Eis-nos, agora, na cerimónia com
que honramos, uma vez mais, a memória de Alda Espírito Santo, tendo bem
presente que não nos devemos eximir ao reencontro com a convicção que ela
exprimia ao reiterar que estamos do mesmo lado da canoa, bem assim, a
persistência que colocava nos empreendimentos sob a sua direcção,
Dez anos após a data fatídica do
seu desaparecimento, perpassam por nós um fluxo extraordinário de recordações
de uma personalidade de rara dimensão histórica, cultural, política e cívica.
Por tudo isso, recordar Alda
Espírito Santo é rememorar o exemplo de uma mulher em que a coragem, a
frontalidade, a persistência, o inconformismo e o fervoroso amor pátrio
constituíram traços destacados da sua personalidade.

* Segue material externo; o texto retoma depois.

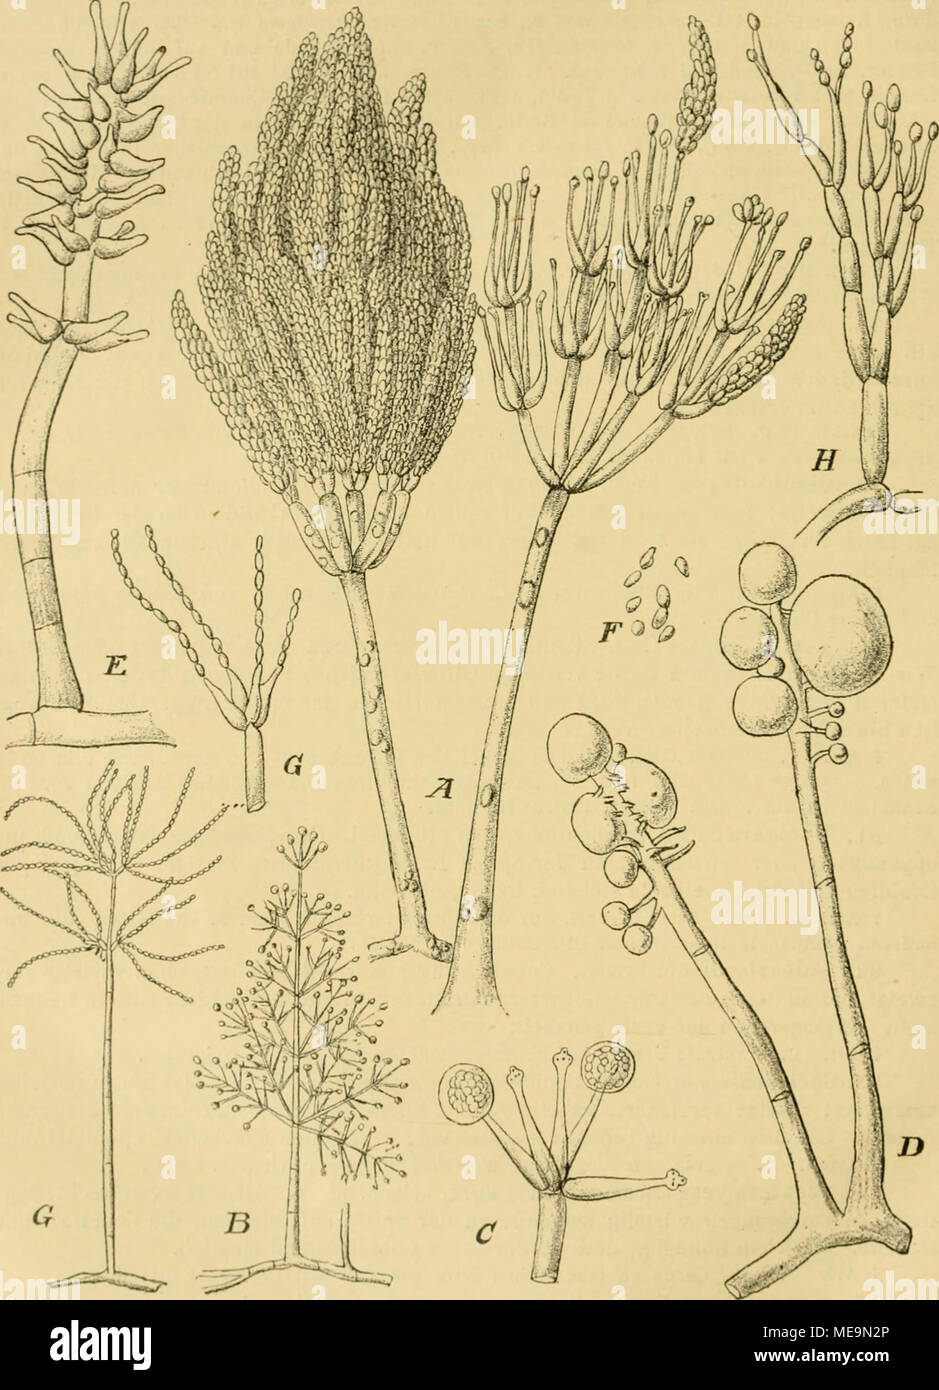 . Die Natürlichen Pflanzenfamilien nebst ihren Gattungen und wichtigeren Arten, insbesondere den Nutzpflanzen, unter Mitwirkung zahlreicher hervorragender Fachgelehrten begründet . Fig. 2I'.l. A Cloiioitaclii/H Araucaria Cotda. Zwoi t'oaidiuiitiah'cr, veißr. — 8—C AcrusUilnymu.i ci&gt;inab'iriiiii'&lt; CorCm. B CV,ni(litntrrig.T, vergr. C Stock eines C'onidicDtrflgerH mit C'ouidionltöpfclien, stilikor vergr, — ll—F ILirziilla C'ipitata Cost. et Matr. L Conidienlrägor mit diircli Schleim verklebten Sporenköpfcbun, öliO/l K Coiüdientiäger, 72o/l. /' Sporen, 72ii/I. — G Spicaria elcyniis (Corda)  Stock Photo

Disse um dia o poeta, numa
fatídica referência à morte: “não mais verás a chuva a bater na vidraça, /nem
ouvirás o rumor do vento na floresta, /nem as aves abrindo as janelas da
manhã”(1).
Ora, se é verdade que já não somos capazes de ter de
novo entre nós aquela que tanto se empenhou em prol da UNEAS e da cultura
santomense, de que era como que a irredutível depositária, apropriemo-nos
então, orgulhosos e decididos, do legado social e cultural que nos deixou, o qual
depõe nas nossas mãos uma fabulosa ferramenta para a prossecução dos ditosos
trilhos do futuro.
Enfim, algo de marcante que
a sua memória nos obriga a preservar, na construção desse amado S. Tomé e
Príncipe que, tal como ela, todos desejamos mais próspero, mais justo, mais
solidário e mais digno
Fim/ Wildiley Barroca, Secretário-Geral da União Nacional dos Escritores e Artistas de São Tomé e Príncipe.